Provided data
== == ==
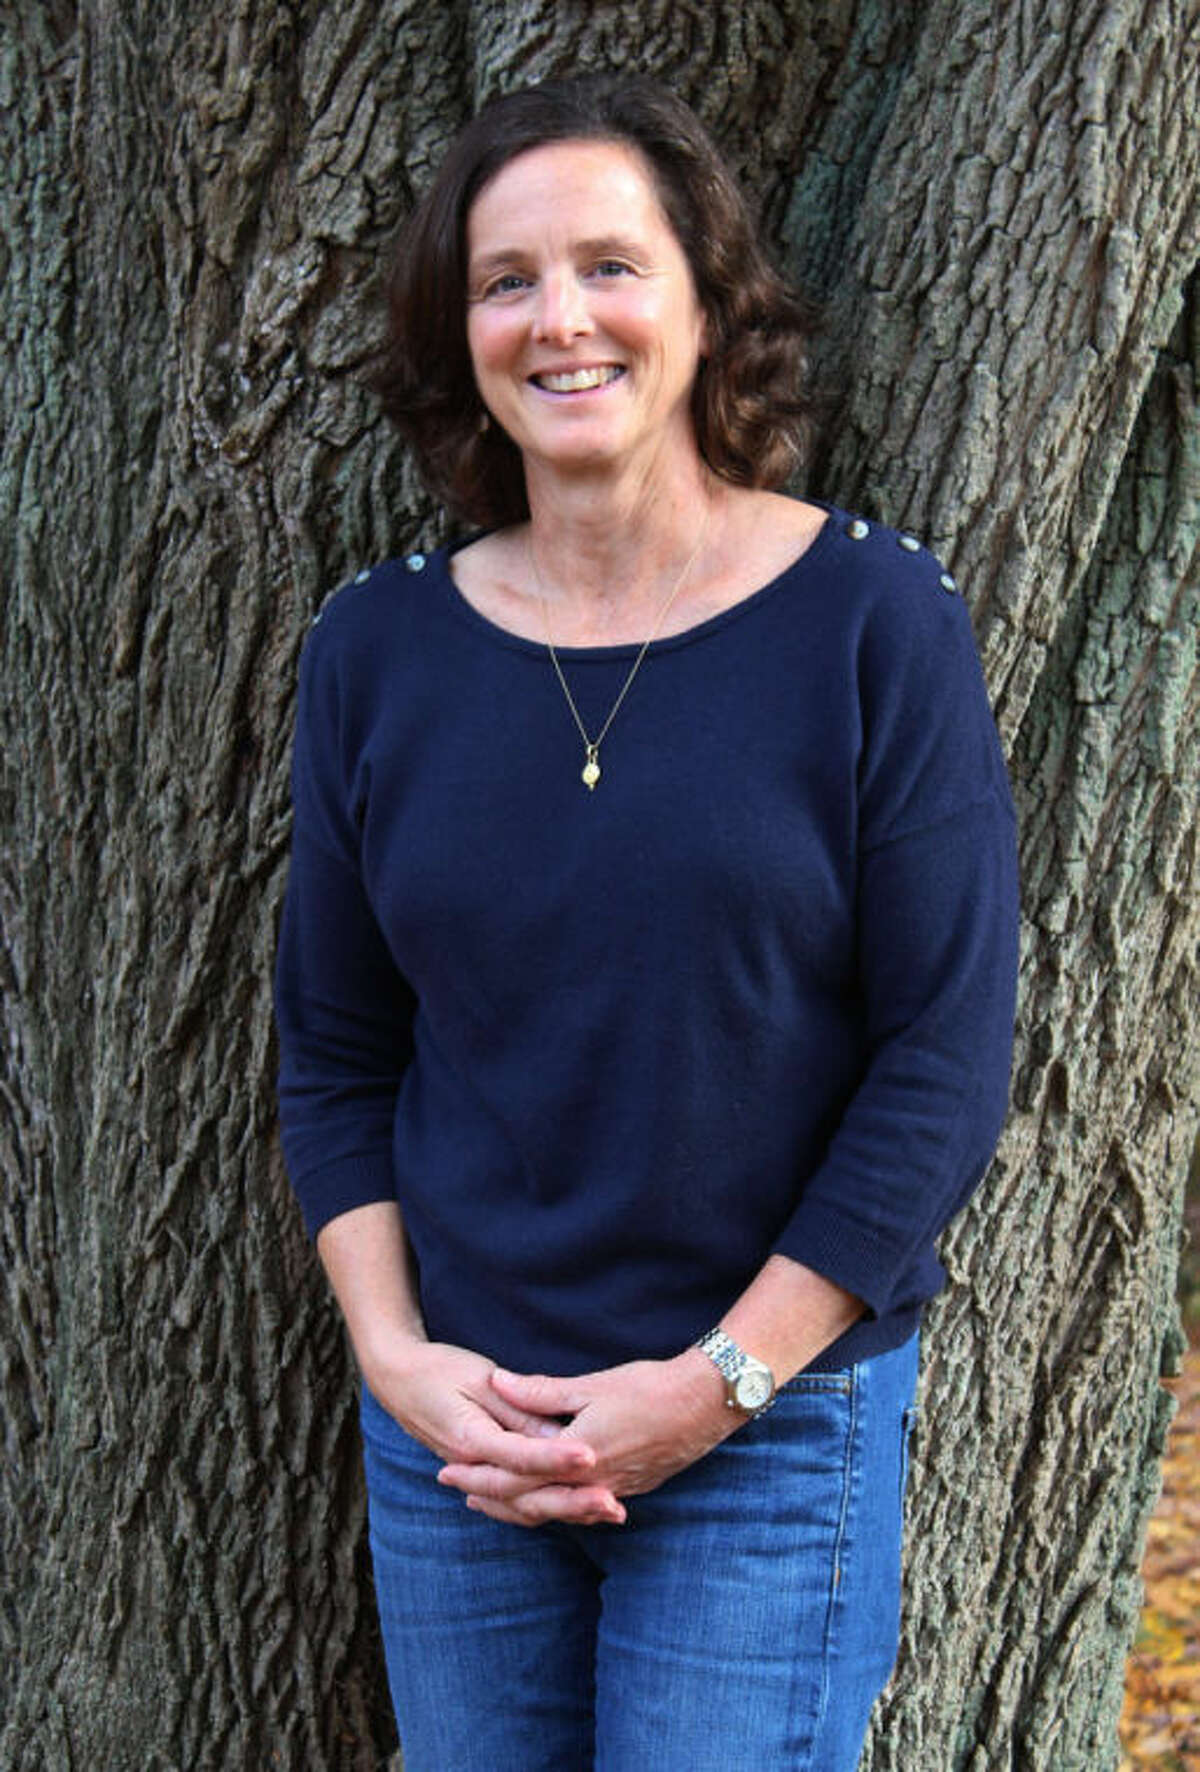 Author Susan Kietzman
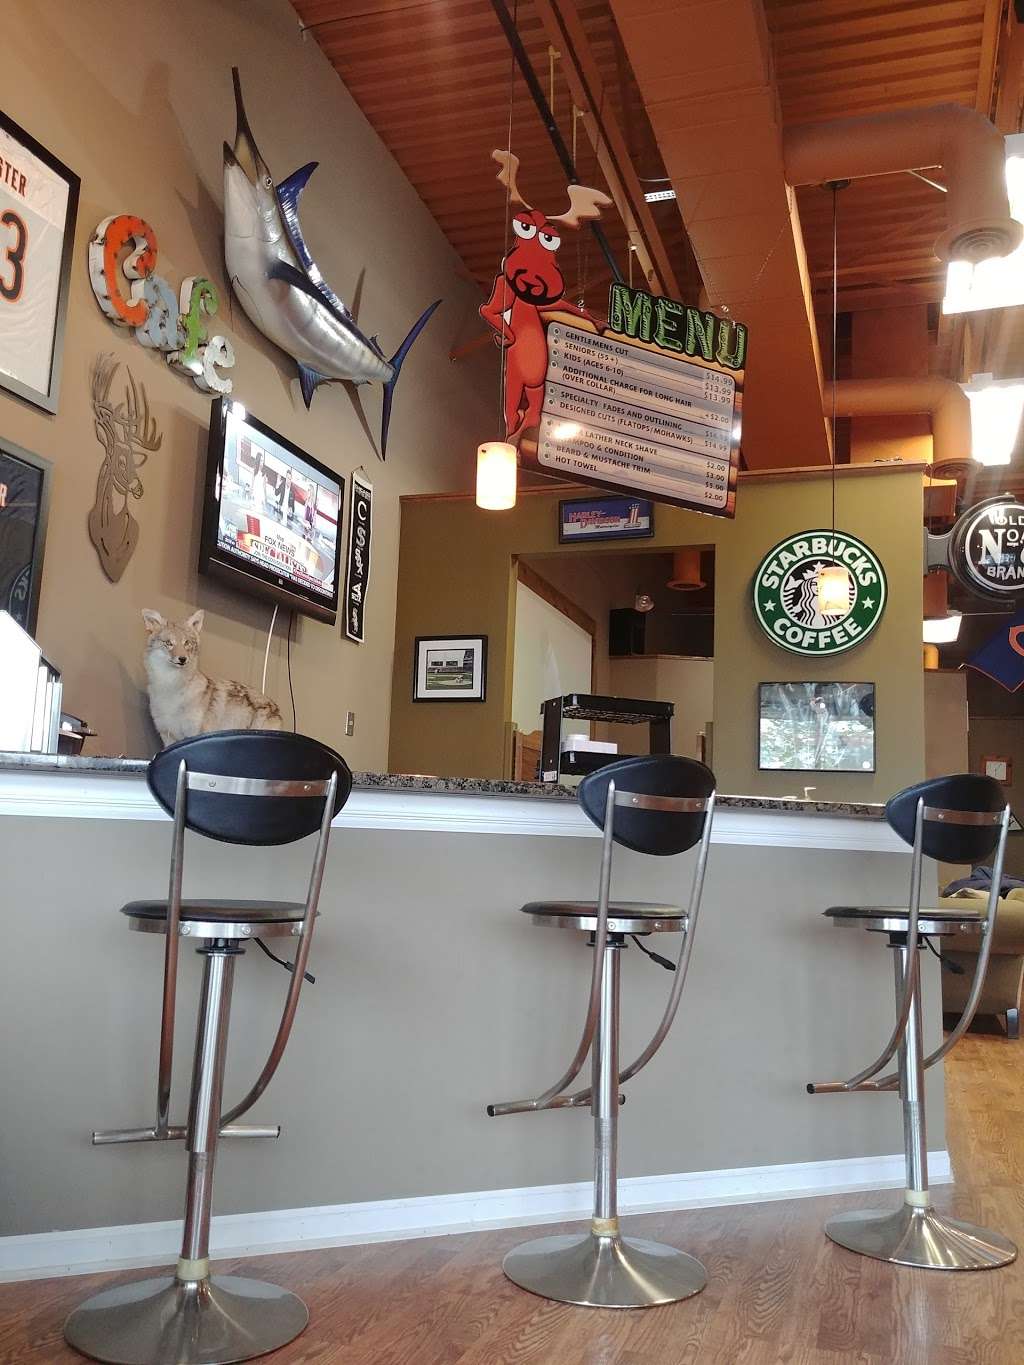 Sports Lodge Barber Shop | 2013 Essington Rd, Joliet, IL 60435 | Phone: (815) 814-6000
== == ==
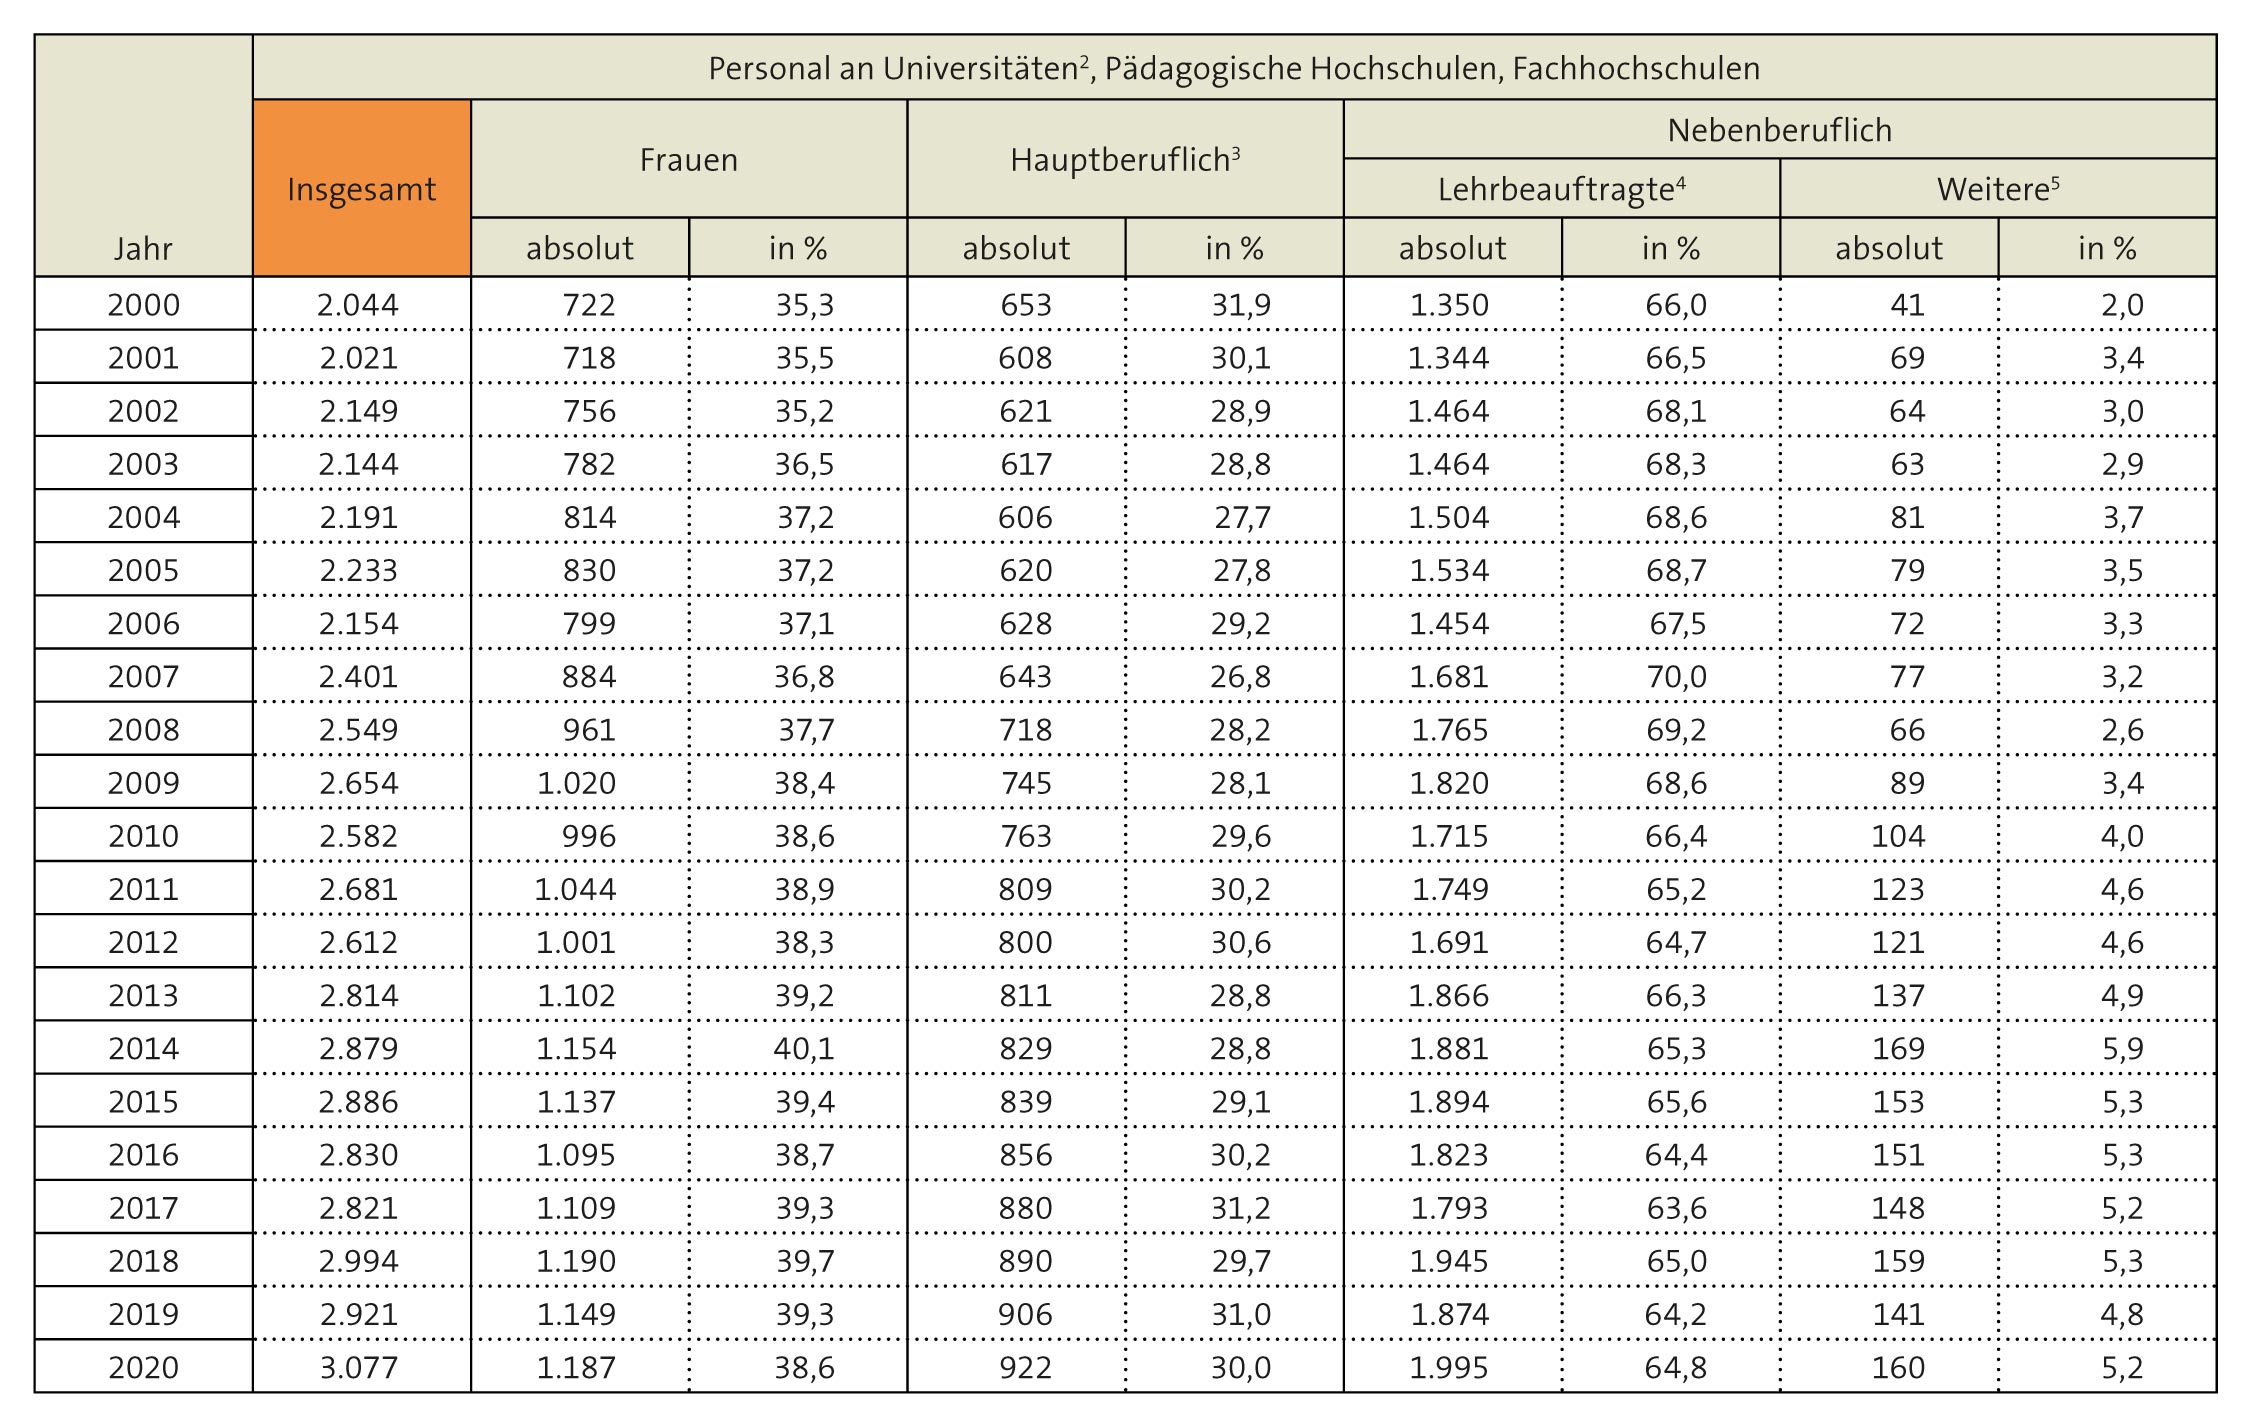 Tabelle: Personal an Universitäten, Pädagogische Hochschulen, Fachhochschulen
== == ==
What is needed
Above are entries with pictures among them. Write out exactly the lines from the one containing "Author Susan Kietzman" through the one containing "Sports Lodge Barber", ends included, and leave those pictures out.

Worked solution
 Author Susan Kietzman
 Sports Lodge Barber Shop | 2013 Essington Rd, Joliet, IL 60435 | Phone: (815) 814-6000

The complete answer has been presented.